With health insurance swallowing benefits budgets like a bridge-dwelling troll, you’re probably feeling the squeeze to lower costs across the rest of your benefits offerings.

It’s likely you’ve felt pressure to increase the amount of voluntary benefits you offer. They’re “free” to the company, after all.

Before you go all-in on a huge laundry list of voluntary benefits, be warned: there are risks with offering too much.

Since we’ve poured cold water on the idea of adding lots of voluntary options, it’s only fair we talk about what you should look for in voluntary benefits.

After all, there are a lot of options out there. Vision, dental, disability, and life insurance are the most common, but today you have the option for much more. Pet insurance, auto insurance, financial planning, education counseling, identity theft protection, and much, much more are all common voluntary options now. Some companies even offer our employee discount programs on an opt-in basis.

You can’t just chuck ‘em all out there. Be picky, and use these criteria to evaluate what you should and shouldn’t add to your menu.

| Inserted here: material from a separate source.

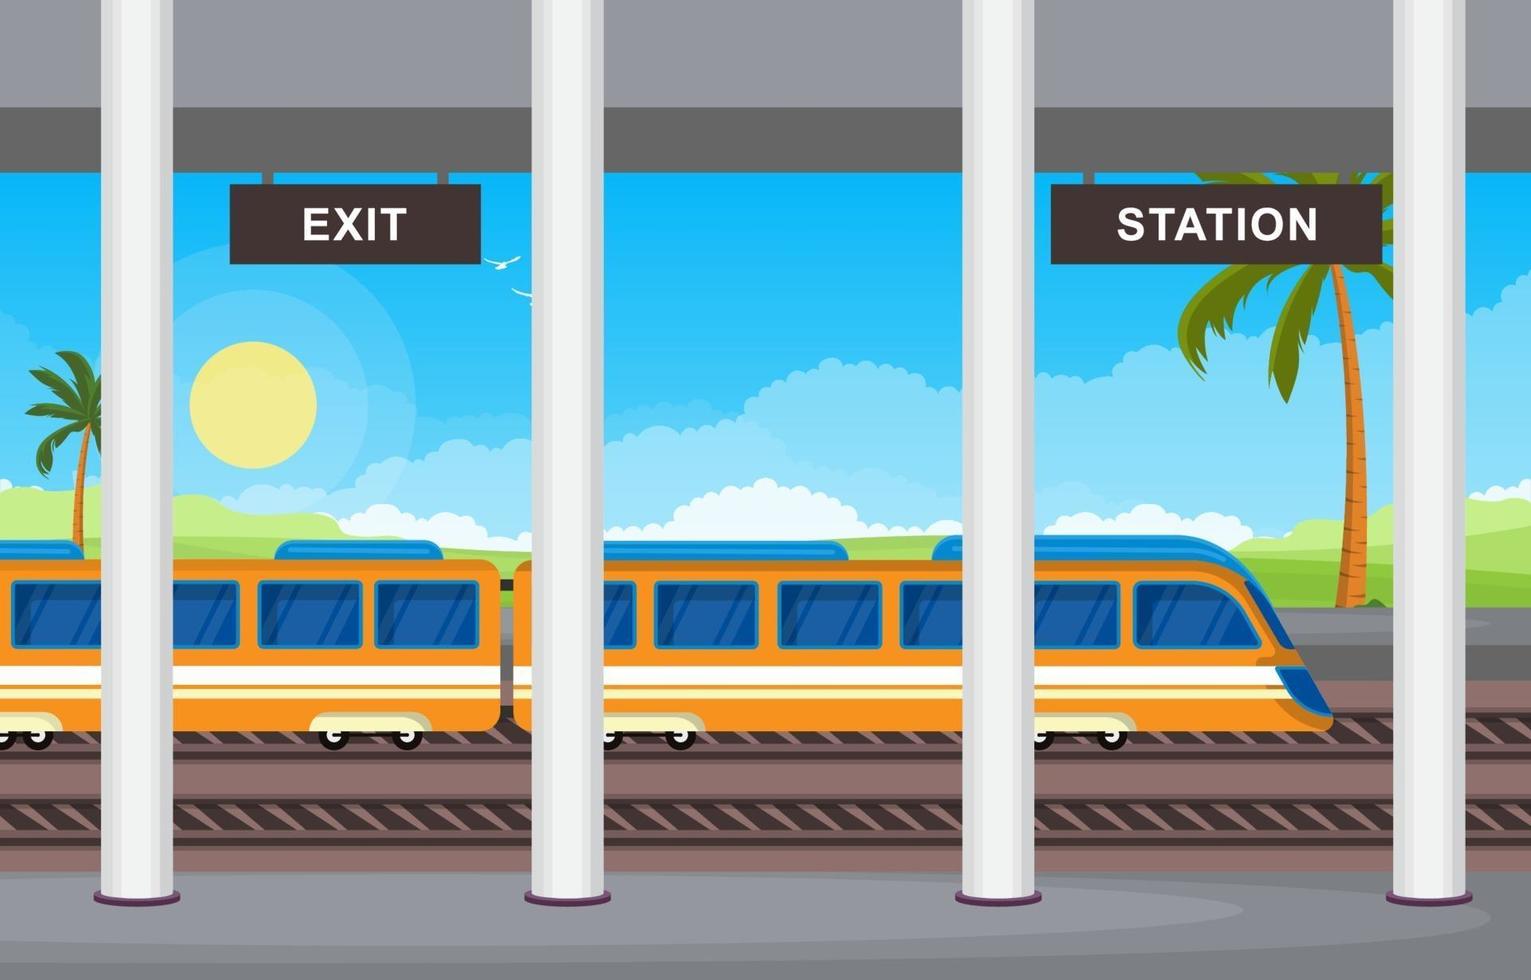 ferrovia transporte público suburbano metrô estação de trem ilustração plana vetor
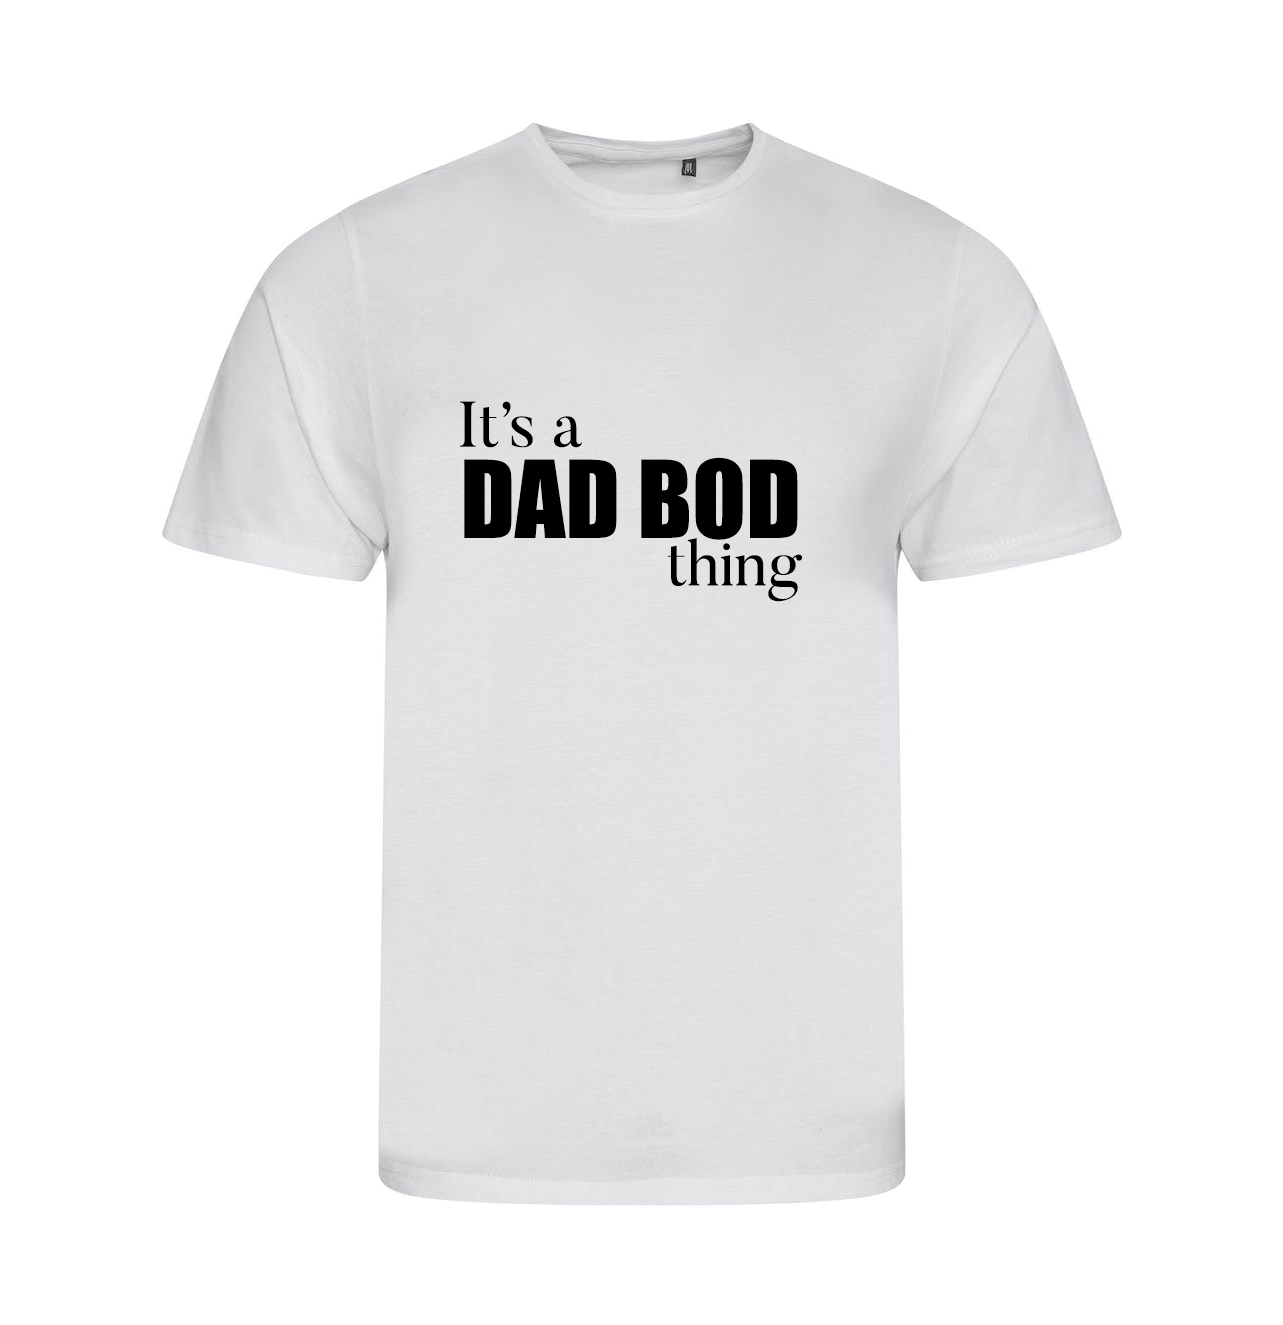 "DAD BOD" Tee

  • Employee Surveys and Feedback

Good benefits solve problems and help people improve their lives. The best way to find out those problems and how your company can help?

Just ask.

Informal conversations are helpful, but formal surveying can give you data that will help make the case for a benefit to executives.

Since this article is dealing with voluntary benefits, you’ll need to focus the conversation on what can realistically be added to your menu. An open-ended survey will most likely just lead to employees anonymously asking for more salary and unrealistic benefits.

  • Industry Standards

Benefits provide a great canvas to showcase your company’s uniqueness, but keep an eye on what others in your industry and area are offering.

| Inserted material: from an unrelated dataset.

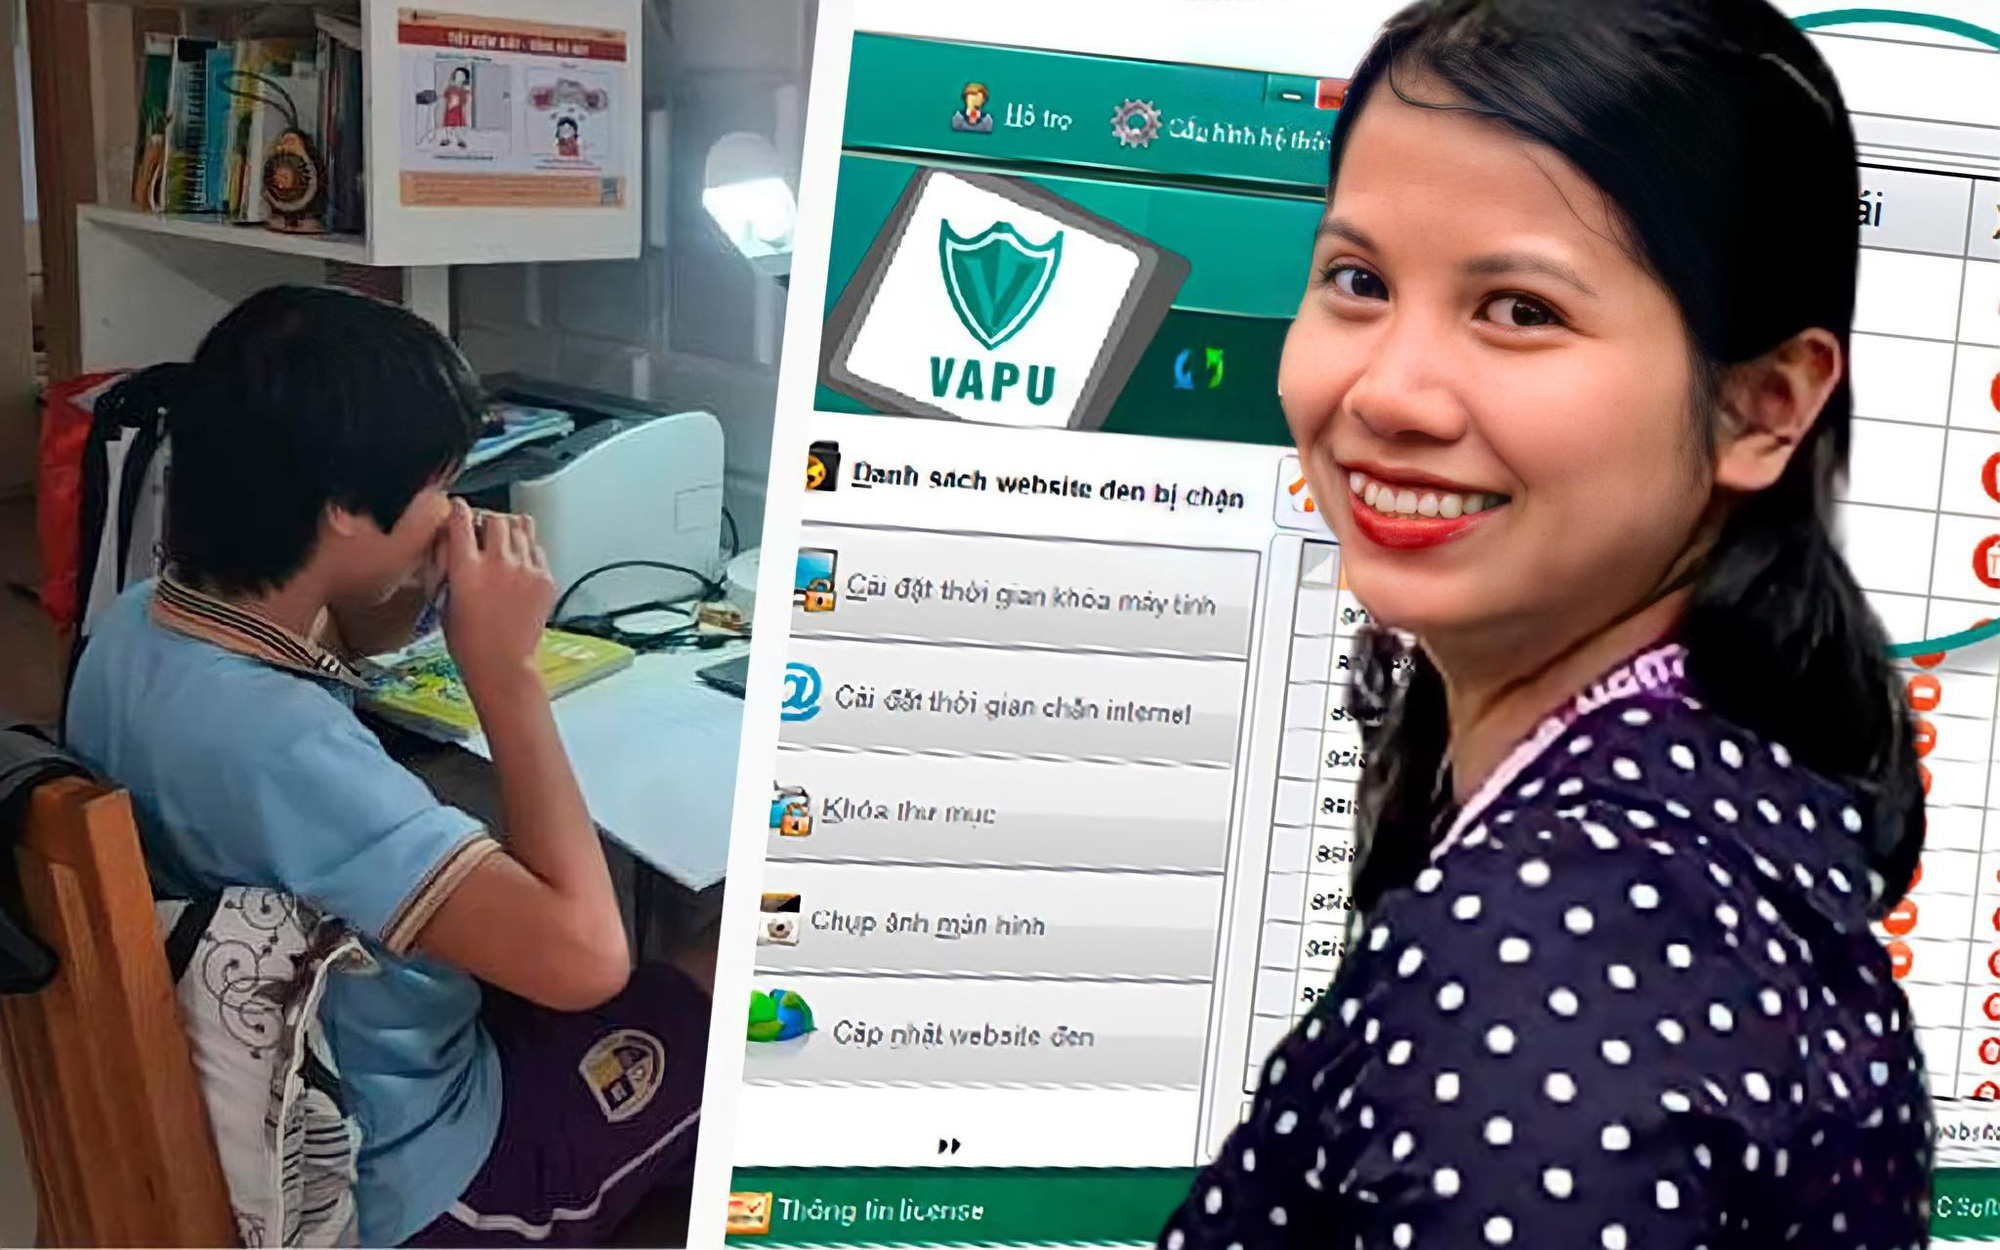 Loạt bí kíp "nhỏ mà có võ" của bà mẹ ở Hà Nội giúp con học online hiệu quả, đặc biệt là chiếc app hay ho chặn hết "web đen", game bẩn

You don’t necessarily need to copy them benefit-for-benefit, but use other companies as a barometer for what’s trending and valued in the industry, as well as your geographic location.

Try to identify and at least meet a baseline with voluntary benefits, which traditionally include life insurance, extra disability, and things of that nature.

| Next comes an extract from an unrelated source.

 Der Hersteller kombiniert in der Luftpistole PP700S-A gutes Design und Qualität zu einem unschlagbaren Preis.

Your company sponsored benefits are where you can truly get creative and unique, but you should at least meet common standards with your voluntary offerings.New Call-to-action

  • Cultural Fit

Few people in a company are as attuned to the overall culture and environment as HR. As such, run every potential benefit under consideration through that cultural filter.

Does this benefit fit in with our overall goals and employee community? Is it going to enhance the culture and your employer brand?

It’s not that a voluntary benefit can somehow hurt your culture, but some items just aren’t a fit. The risk would be adding one option in lieu of another that employees may desire strongly.

  • Attractiveness to Your Ideal Employee

Benefits need to be as attractive to potential employees as they are to current ones. But you can’t completely cater your offerings to people that aren’t even in the company yet.

The key is to focus on your ideal employee. If you look across your entire organization, great employees have commonalities. These are the people (and traits) you want to nurture and attract.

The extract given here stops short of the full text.